> AIM OF THE TASK
Please repeat each line from the one holding "Chairs On Tables" through the final line of the data, exactly as it stands, with no pictures.

> DATASET CONTENT
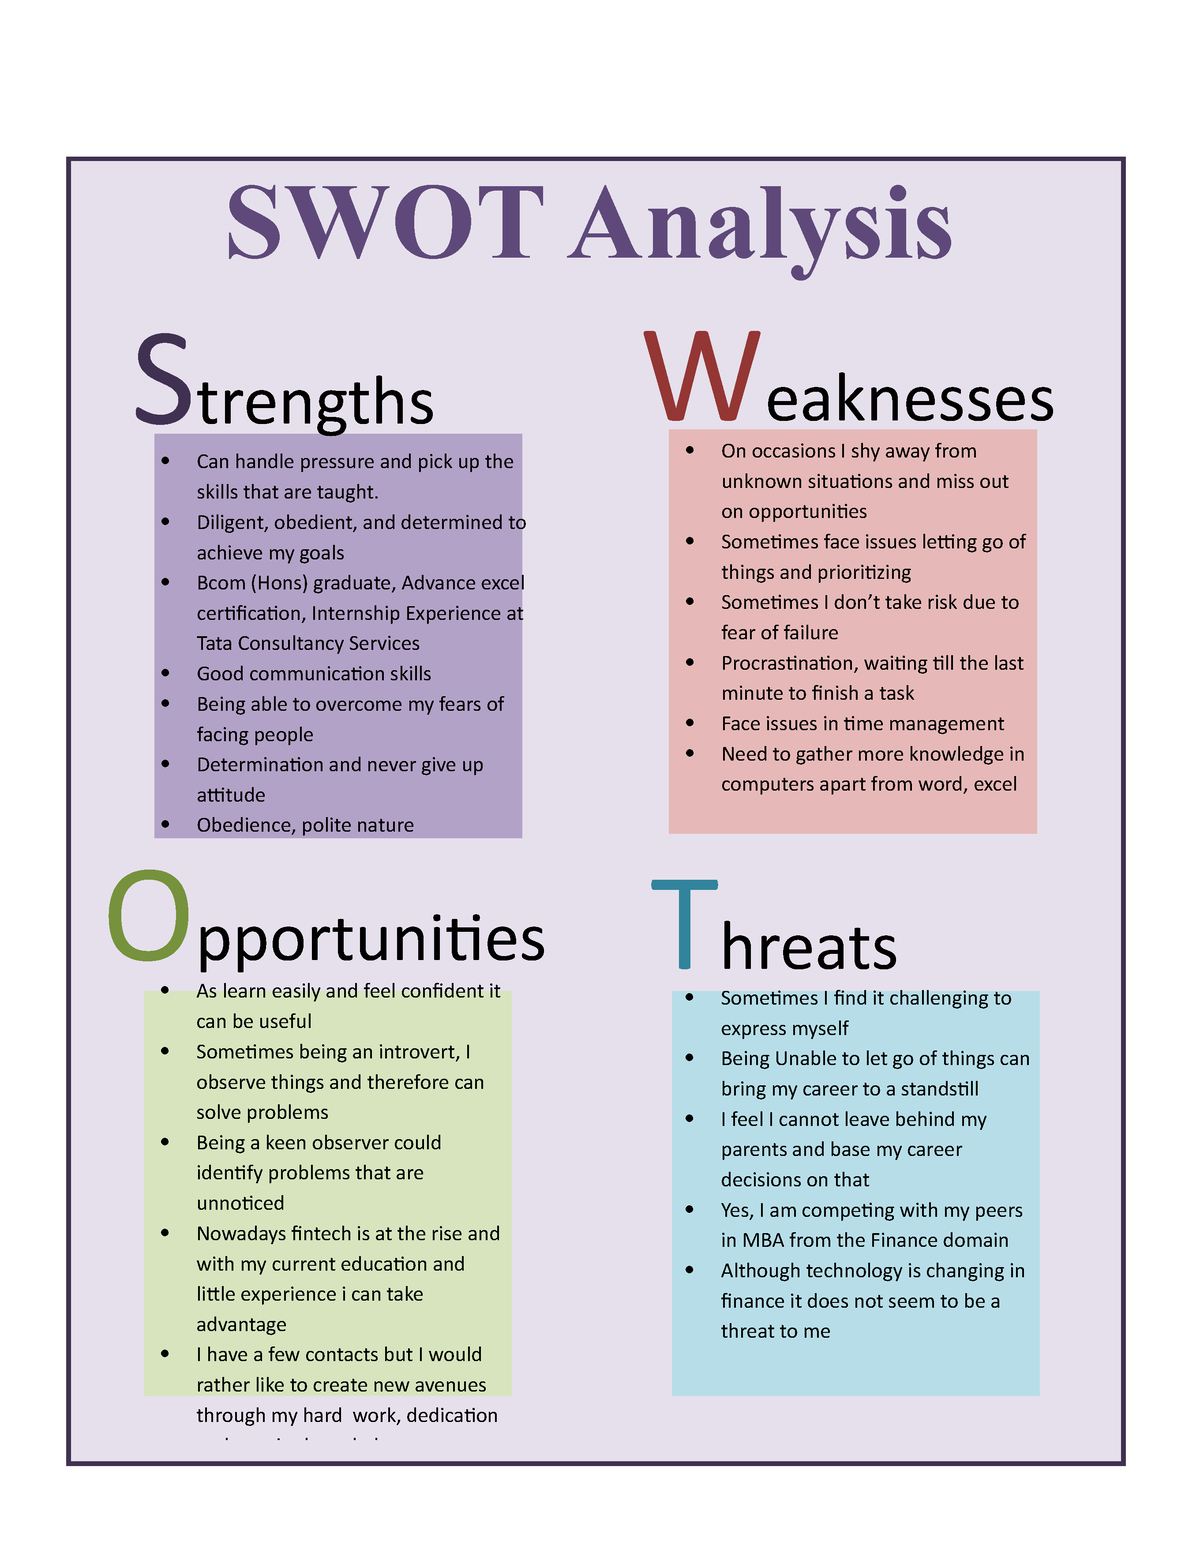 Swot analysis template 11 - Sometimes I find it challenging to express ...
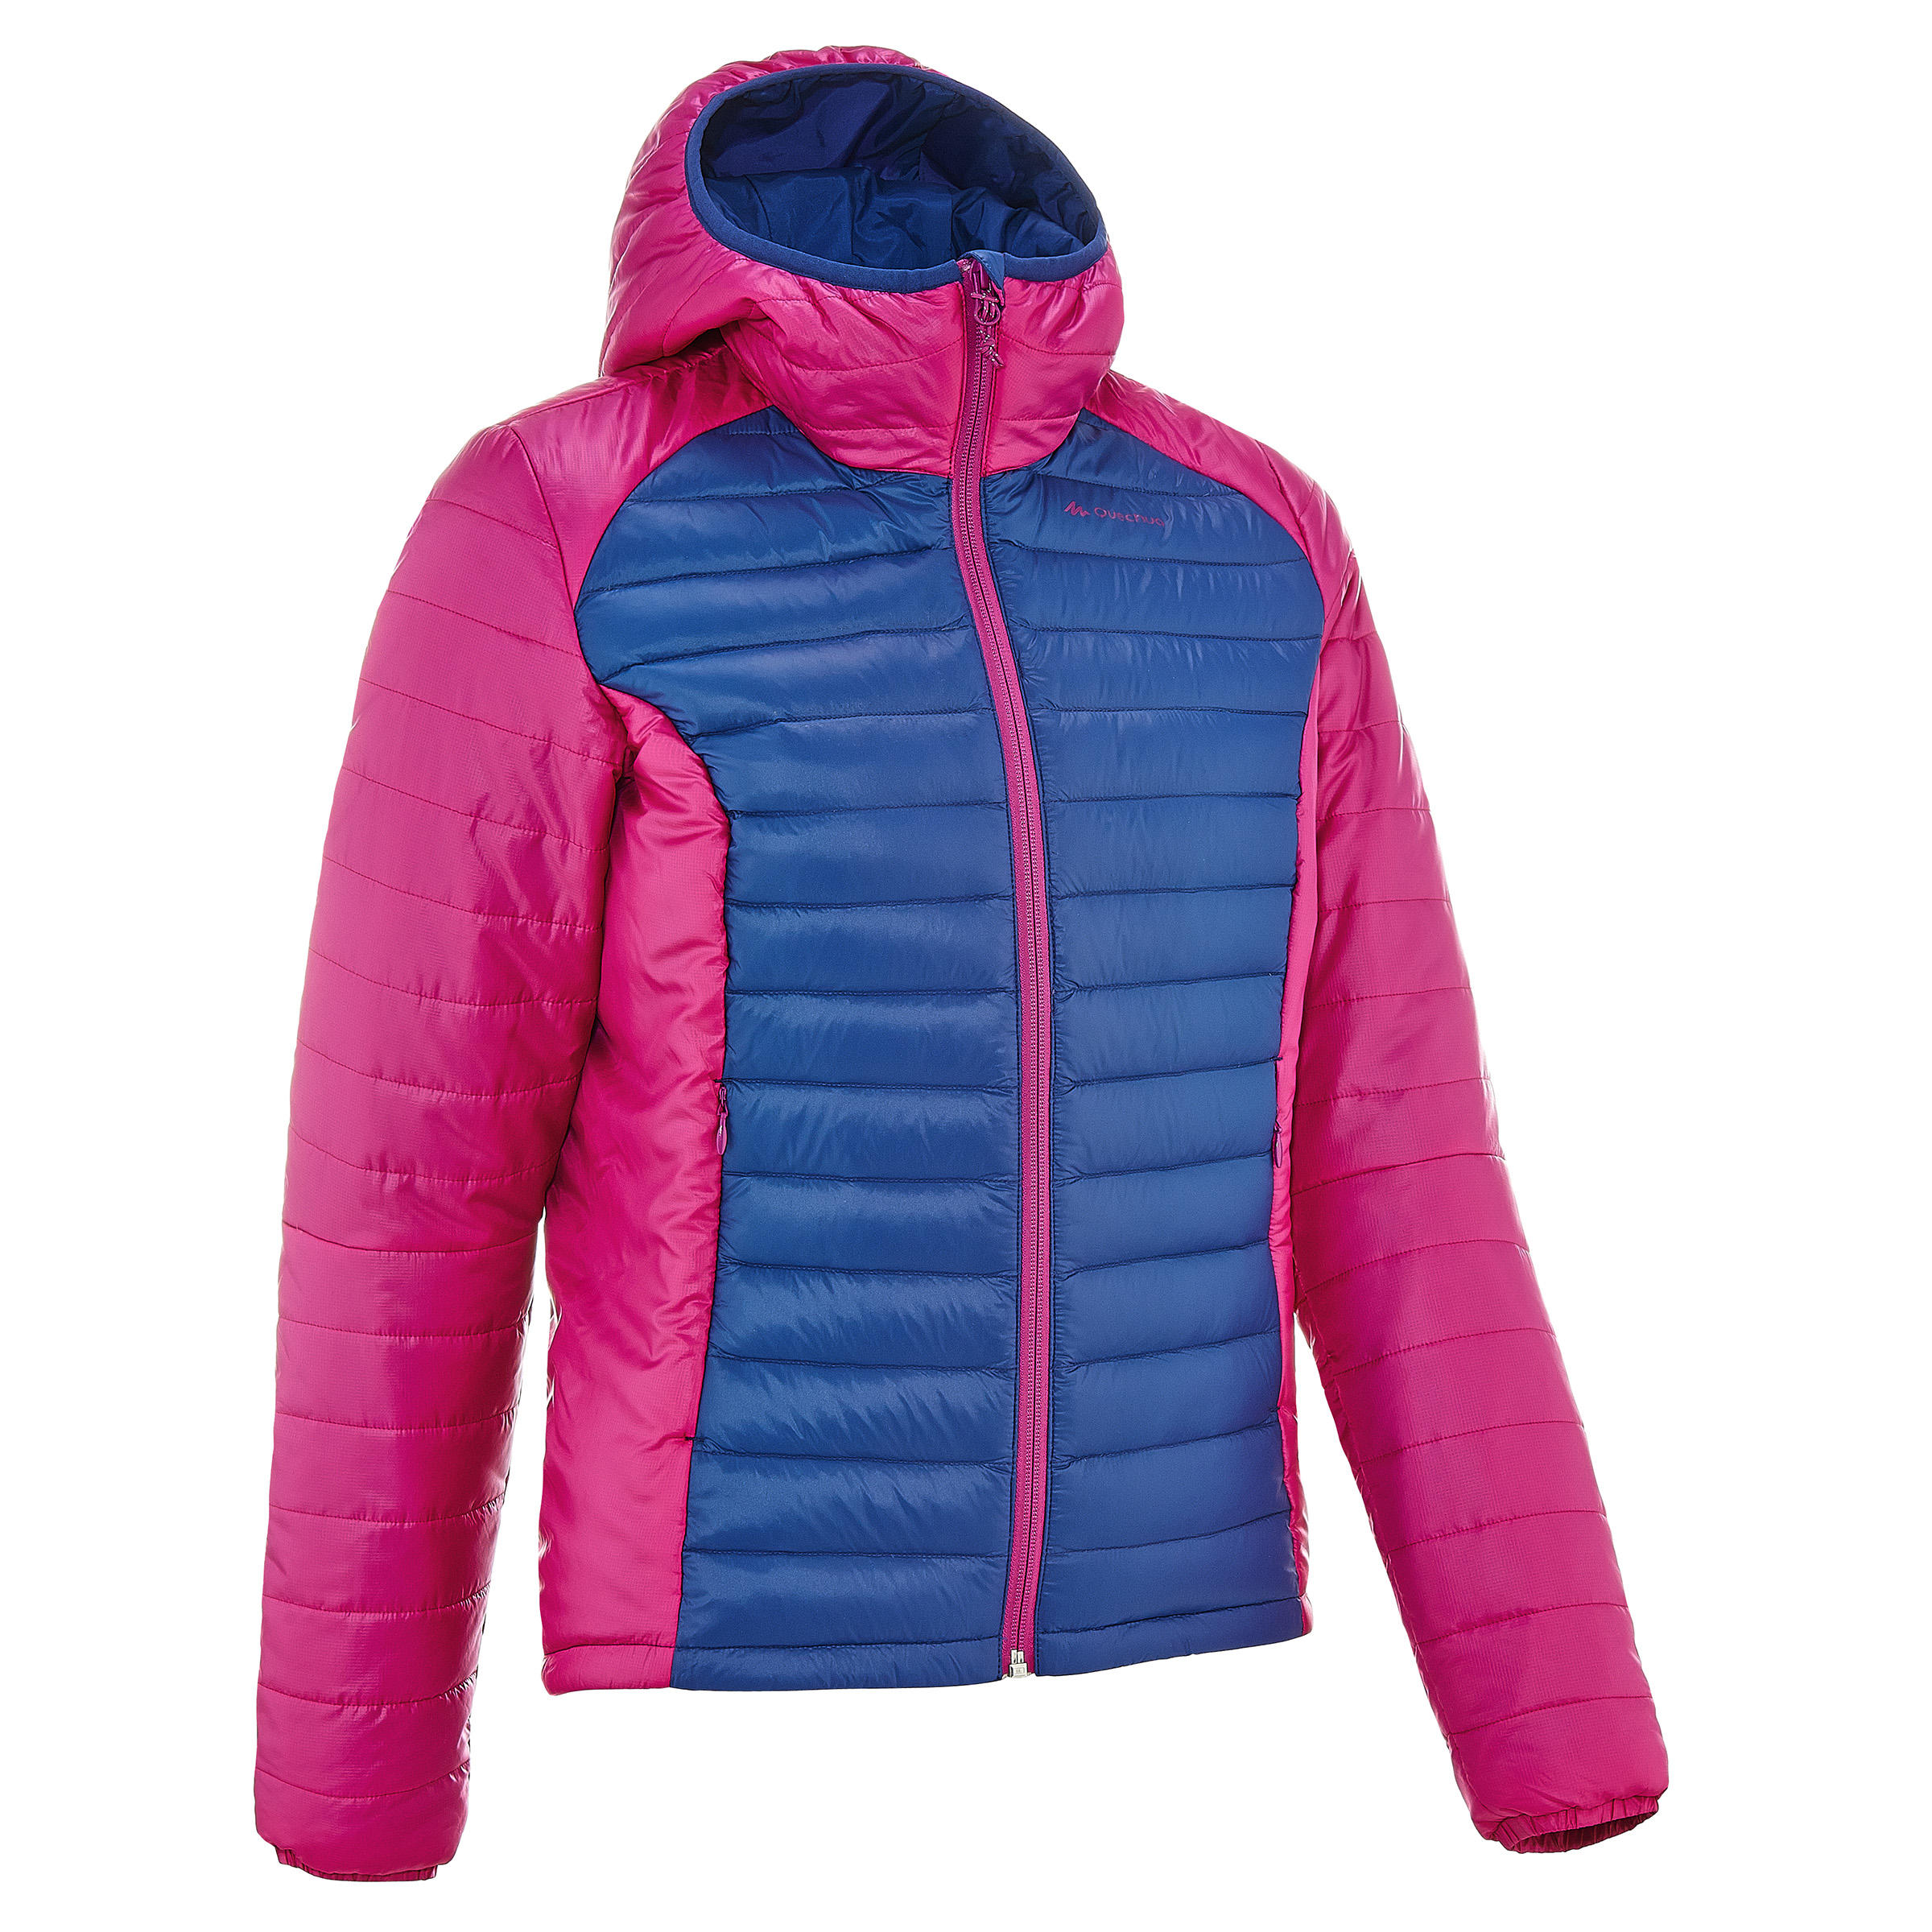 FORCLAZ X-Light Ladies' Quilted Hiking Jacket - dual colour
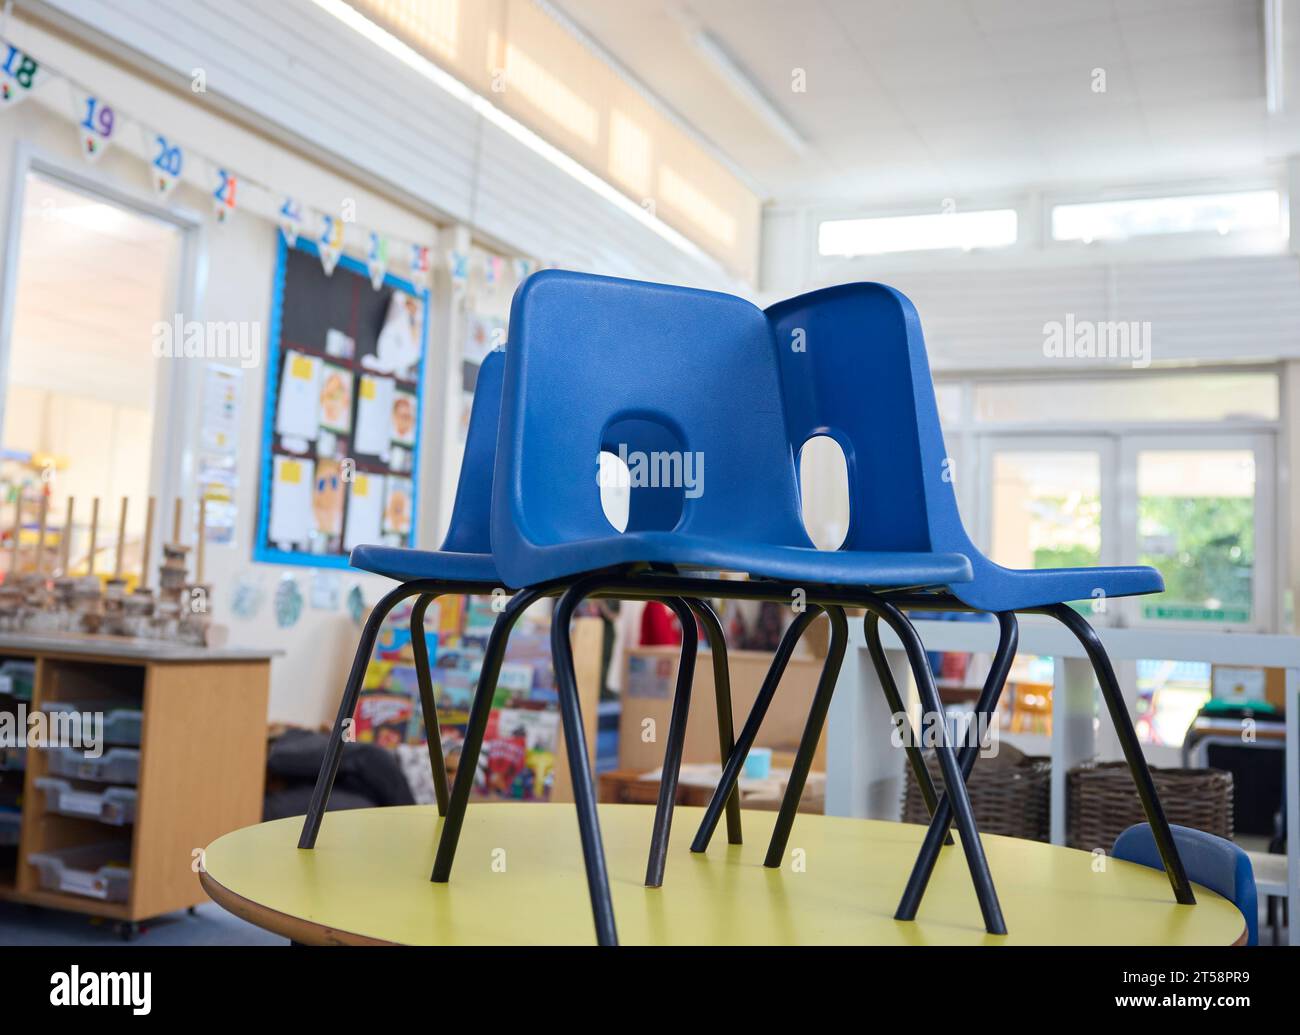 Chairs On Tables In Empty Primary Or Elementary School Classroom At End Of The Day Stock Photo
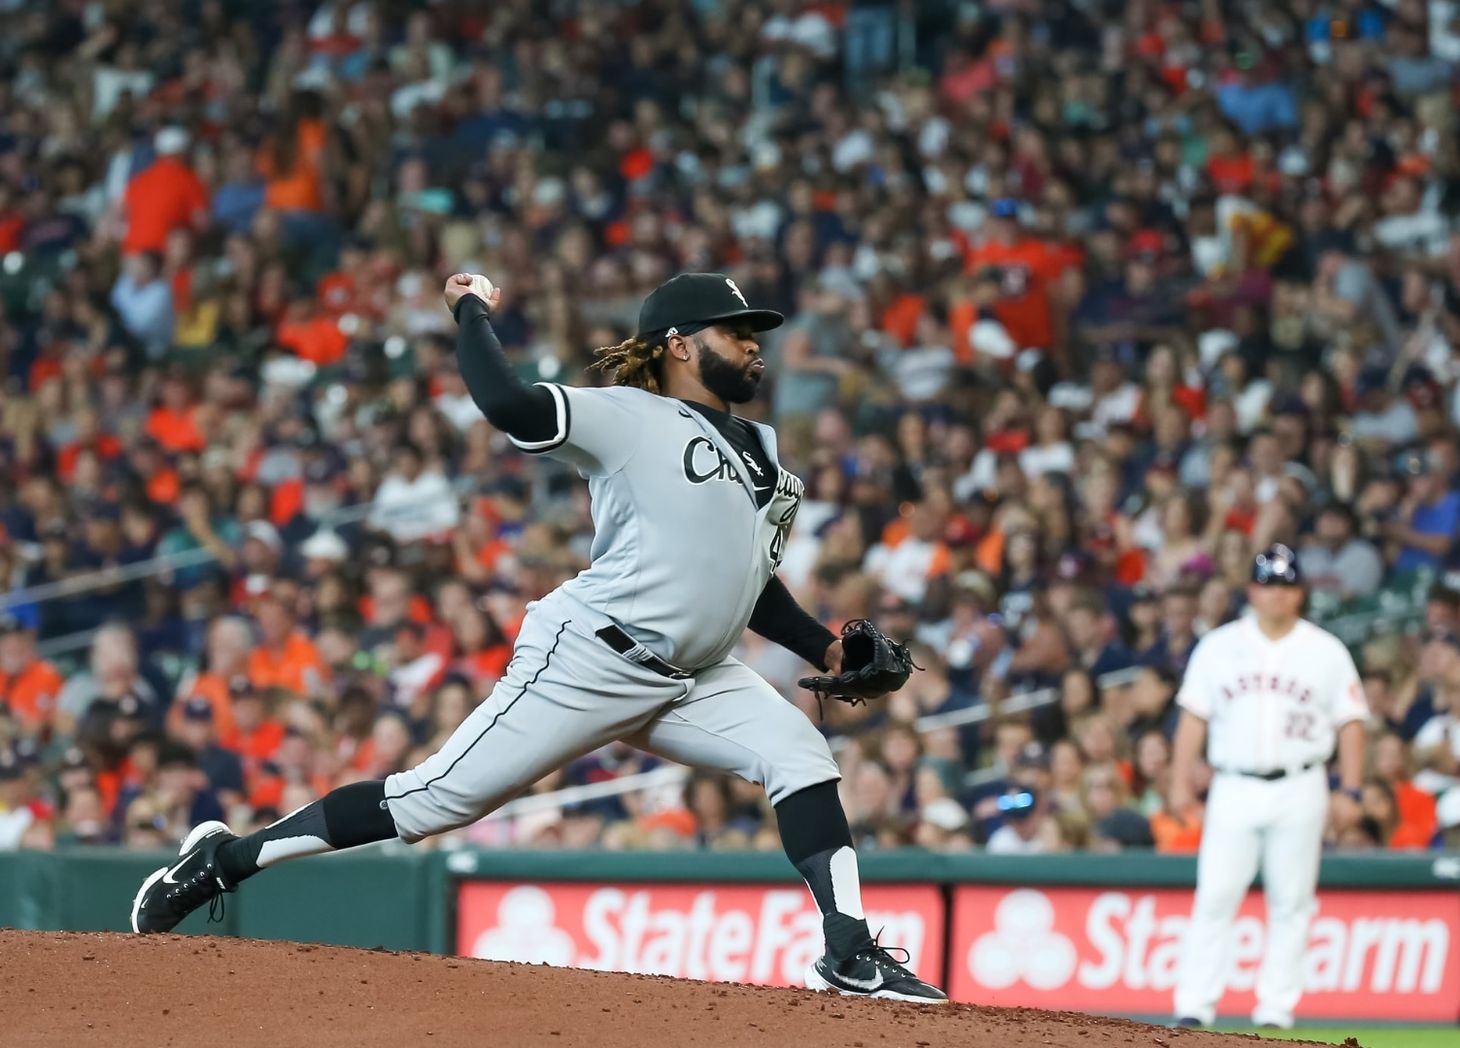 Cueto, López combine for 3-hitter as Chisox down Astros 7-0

> YOUR SOLUTION
 Chairs On Tables In Empty Primary Or Elementary School Classroom At End Of The Day Stock Photo
 Cueto, López combine for 3-hitter as Chisox down Astros 7-0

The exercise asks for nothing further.